Music MM in Performance, Woodwind
The intent of this specialization is to prepare students with outstanding performance potential to be competitive in performance and teaching careers, both private studio and college level. Through their studies they become skilled performers in solo, small and large ensemble music. They may also contribute to the music community as advocates for the arts in their communities.
The 32 hours required of the MM in Performance include a research class and 6 hours from theory, history, and education electives. In addition, all students in this program must take courses specific to their instrument in solo and ensemble performance, literature, pedagogy, and supervised teaching. They also prepare a full recital and research paper as a culminating project. Electives fill out the rest of the 32 hour requirement.
We support the aims of a BYU education, to strengthen students' lives spiritually, enlarge their intellectual experience, build their character, and prepare for lifelong learning and service.
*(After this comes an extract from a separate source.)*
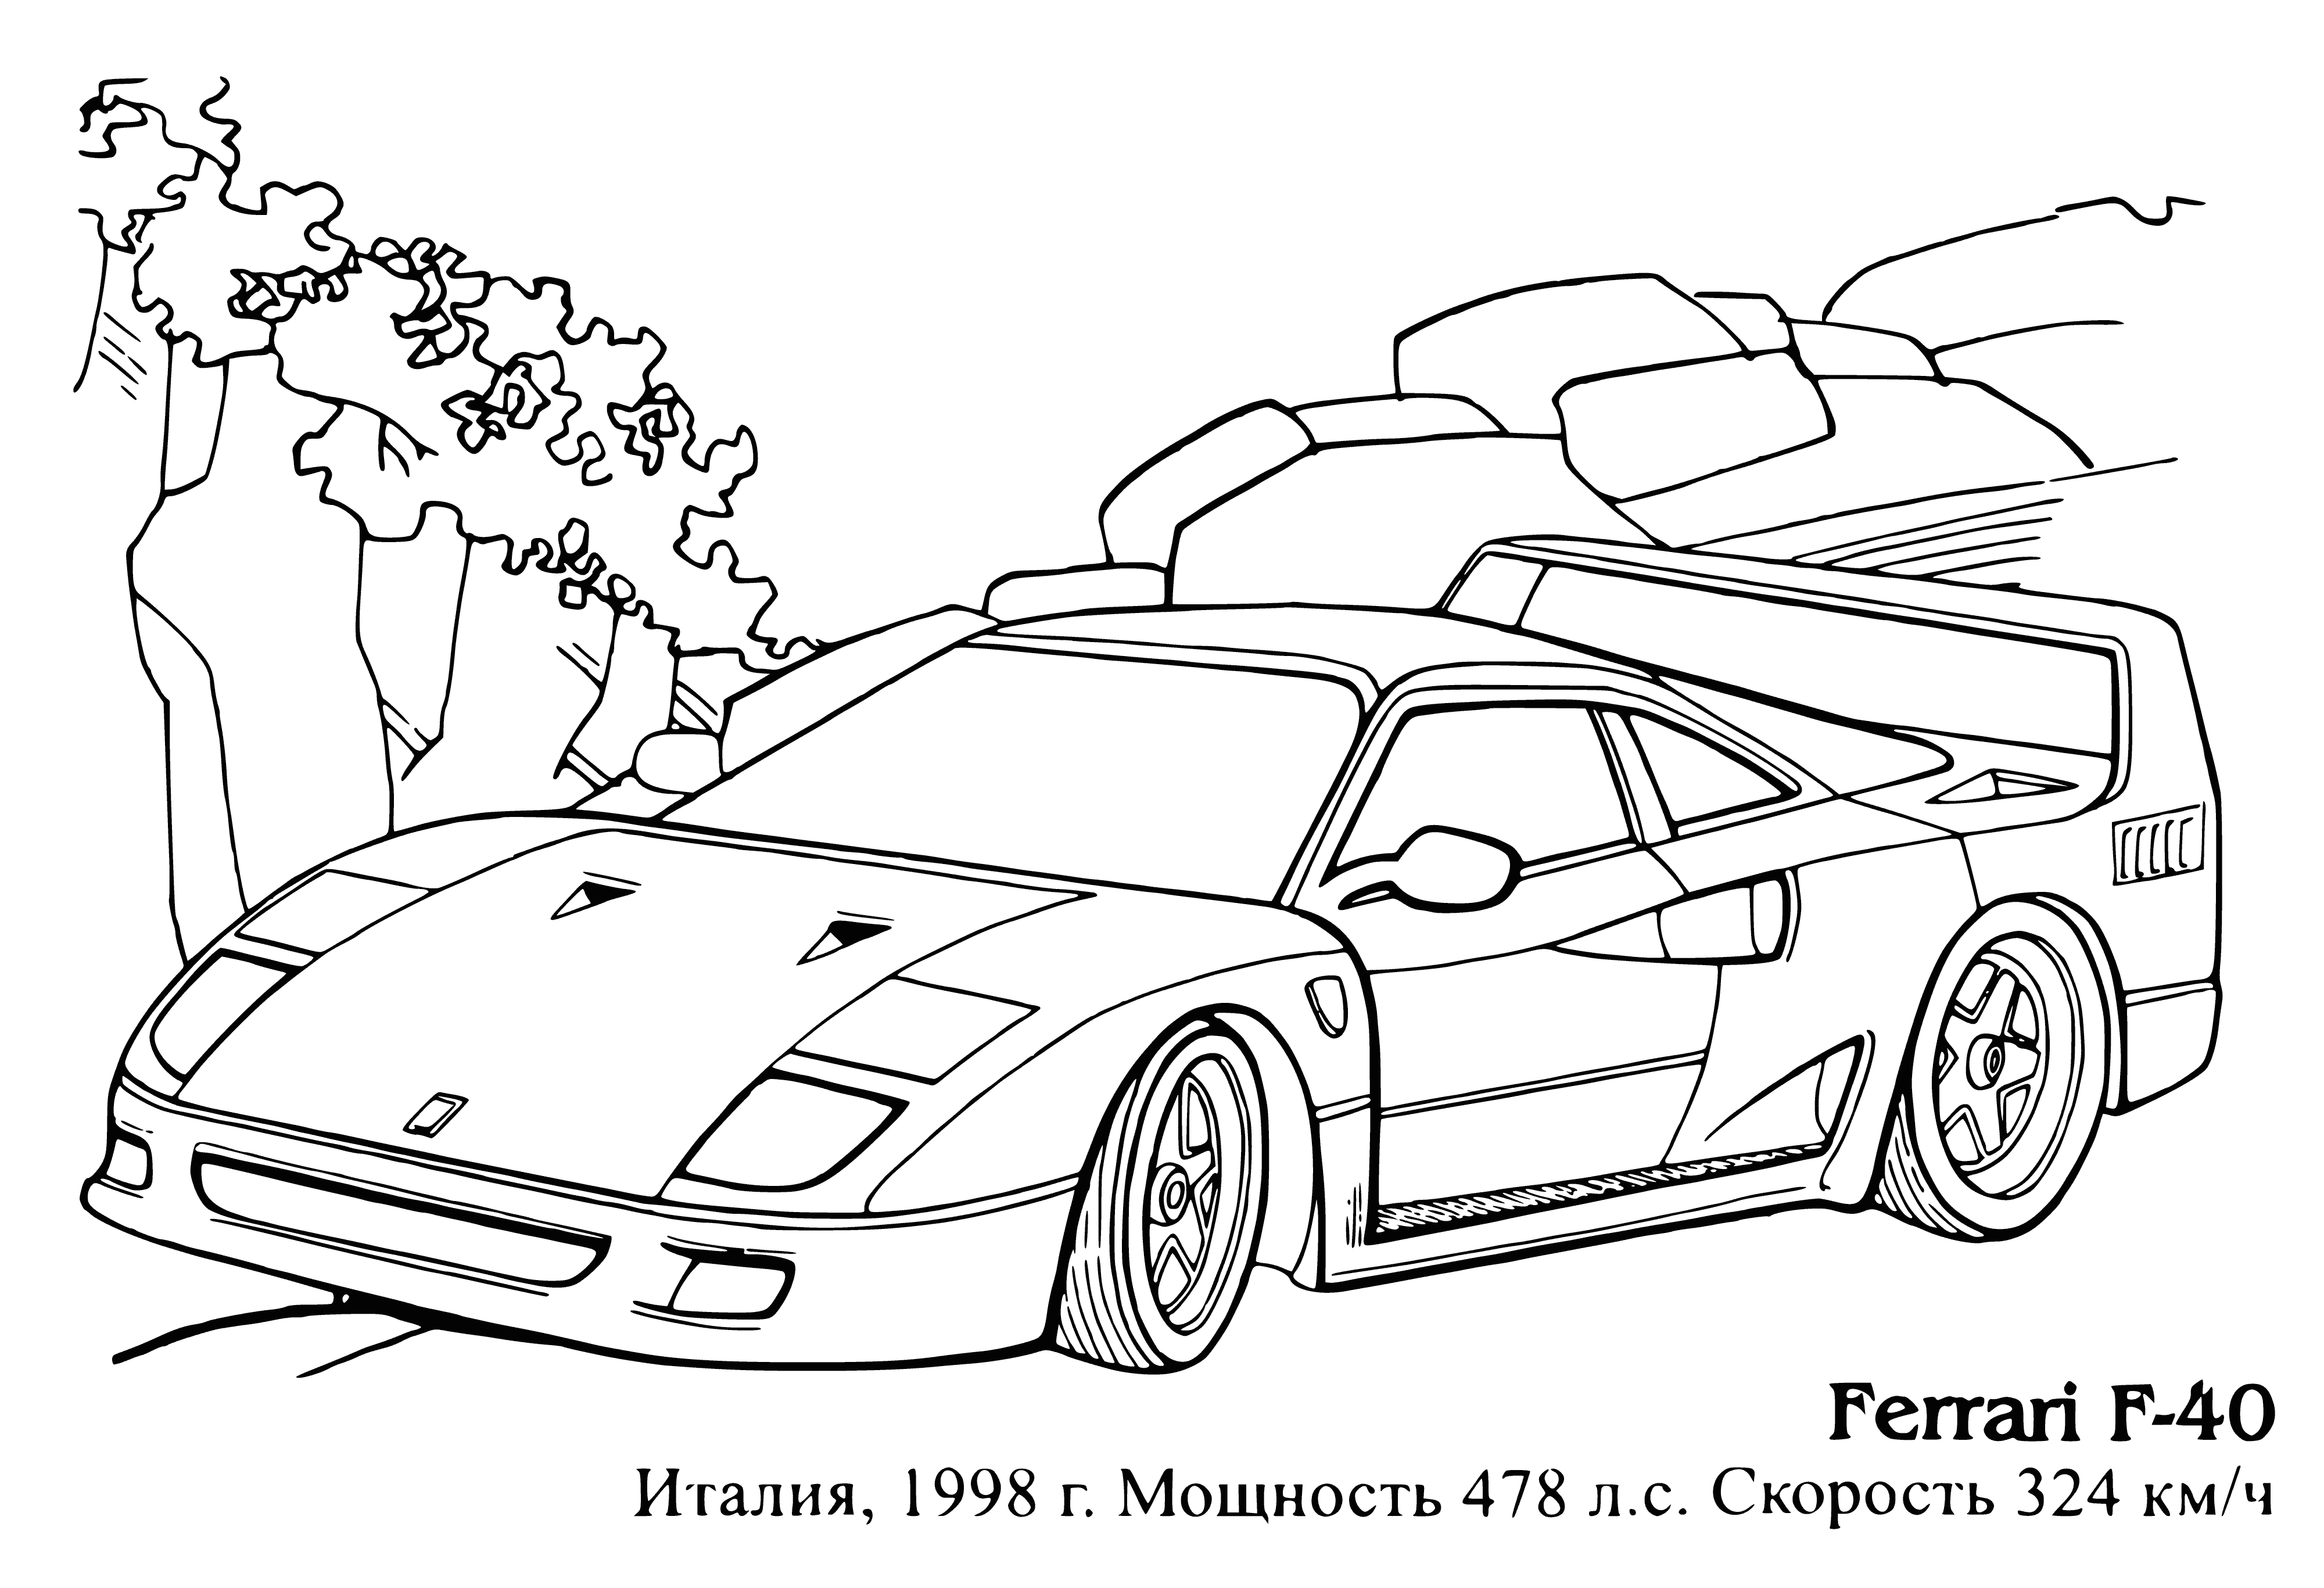 Ferrari F-40 coloring page

As reviewed and approved by the National Association of Schools of Music (NASM), all music students, through the core requirements of all music degrees, show proficiency in performance, music theory, music history, ensemble playing, conducting, sight singing and music dictation.Performance Preparation
Increase performance skill as a soloist and ensemble musician.
Synthesize performance practice with academic research and music literature.
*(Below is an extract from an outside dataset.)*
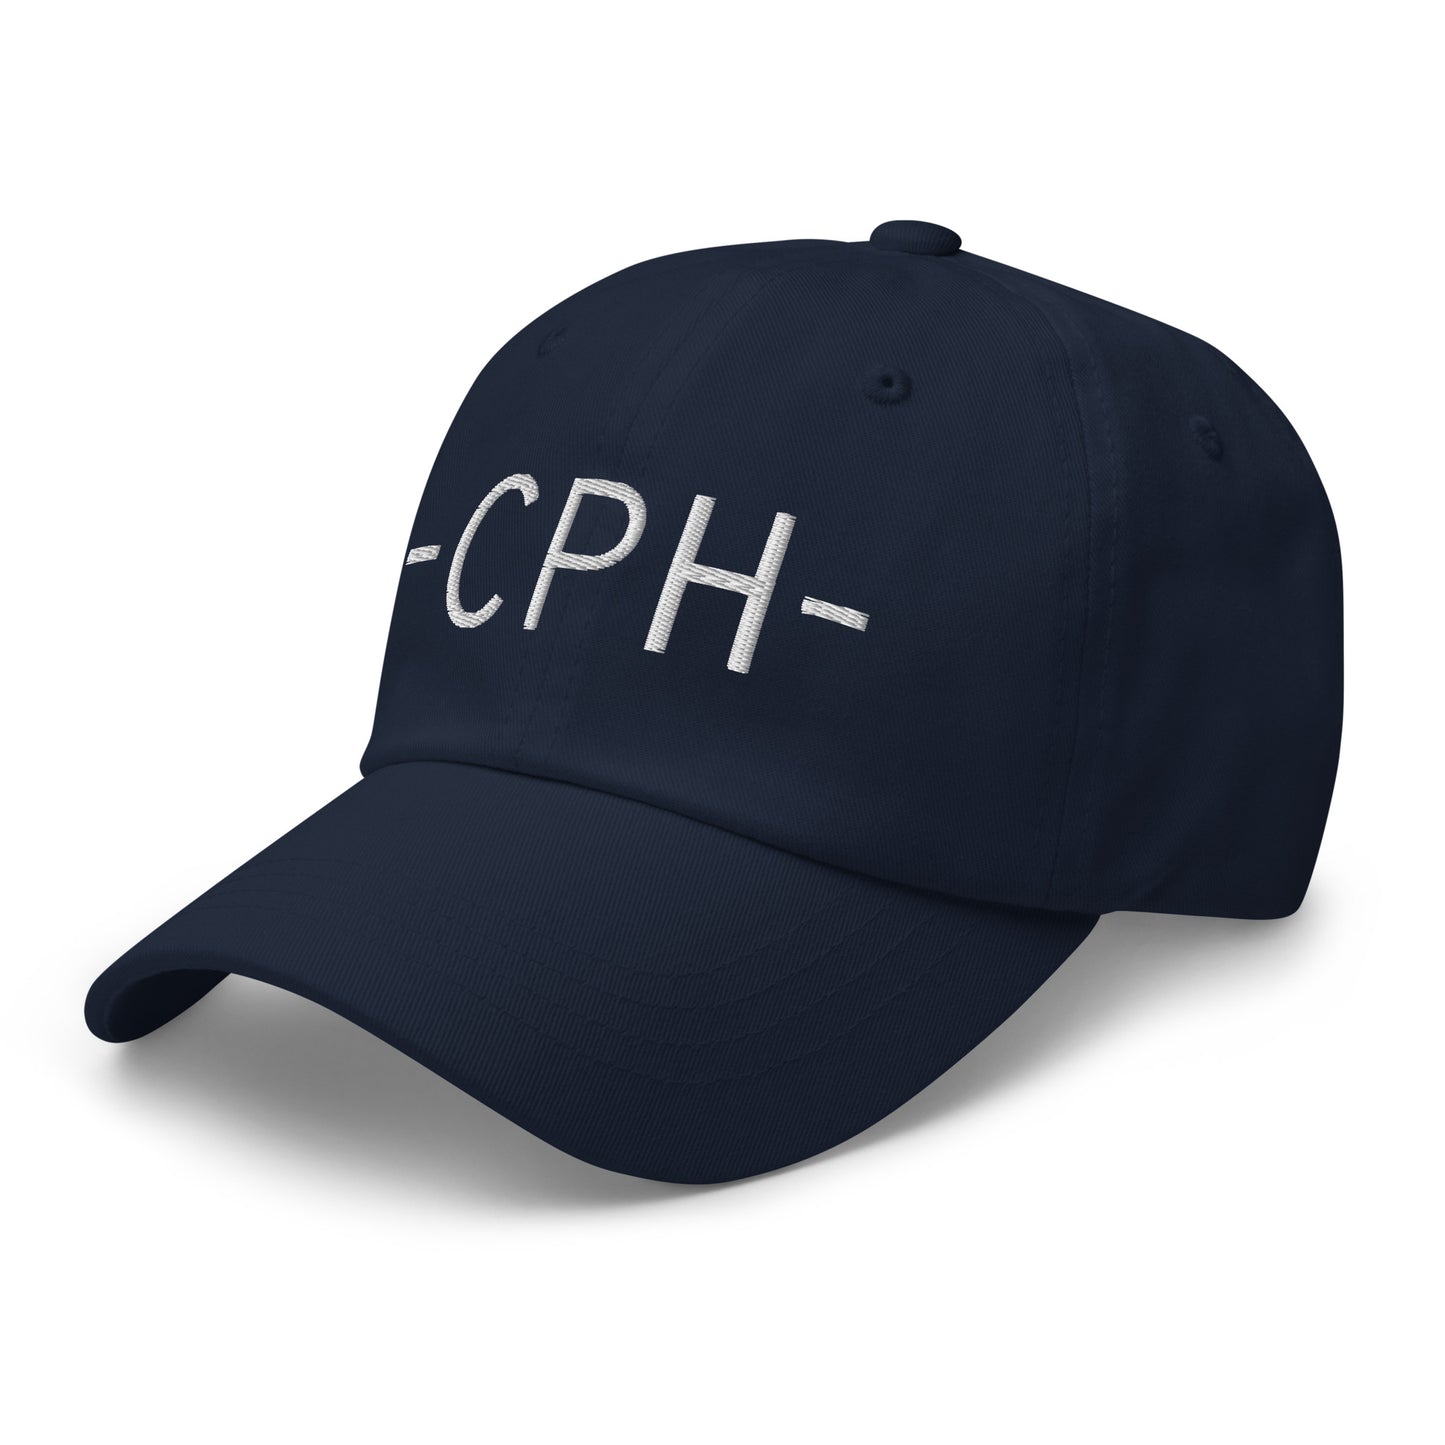 Souvenir Baseball Cap - White • CPH Copenhagen • YHM Designs - Image 15

Increase teaching skill through further pedagogical study.
Evidence of Learning
Faculty members use the following to evaluate their students:
- weekly lessons
- weekly masterclasses
- required recital(s)
- jury performances
- master class performances and participation
- various exams, projects, and papers
Performance faculty draw on individual curricula to establish specific instrumental goals. A student's readiness to present public recitals is evaluated by faculty three weeks prior to the performance. Required recitals are juried. Each semester of performance study is evaluated by the private instructor and a committee of faculty drawn from the instrumental emphasis. All students are encouraged to complete faculty and course evaluations at the end of each course.
School of Music faculty prize certain subjective, critical components of a music education such as musicality, creativity, and originality. They recognize the difficulty of assessing such elements objectively, and understand the very act of measuring them drains away their virtue and value. Faculty assess other more explicit evidence of learning using traditional tools throughout the course of classes and lessons, and at periodic advisement points as determined by the graduate advisor. These tools include:
- Evaluation of performance in private lessons, juries, and studio class
Evaluation of performance in public settings such as degree recitals, chamber music, and large ensembles.
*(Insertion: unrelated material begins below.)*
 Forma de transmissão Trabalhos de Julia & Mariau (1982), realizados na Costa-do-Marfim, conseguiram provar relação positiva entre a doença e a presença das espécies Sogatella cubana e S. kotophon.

- Monitoring progress through regular appointments with the graduate advisor
- Researching the Recital (Music 697A) paper
- Evaluation of performance on final solo recital]
- Scholarly papers
Indirect evaluations include reviewing the following information:
- Periodic data collected on students, for instance, acceptance into MM or other graduate degree programs, student awards from music competitions, summer music festivals and programs, or professional appointments
Job placement rates
Student focus groups
Outgoing student Survey
Feedback from colleagues outside of BYU
Learning and Teaching Assessment and Improvement
The School of Music Graduate Council consists of diverse faculty that represents each area of musical study headed by the Associate Director of the School of Music. This committee meets monthly to review and assess all areas of the program to include the admission process, curriculum, students and other issues. They make every effort to ensure that the graduate program meets the high standard of study at BYU and set by the National Association of Schools of Music.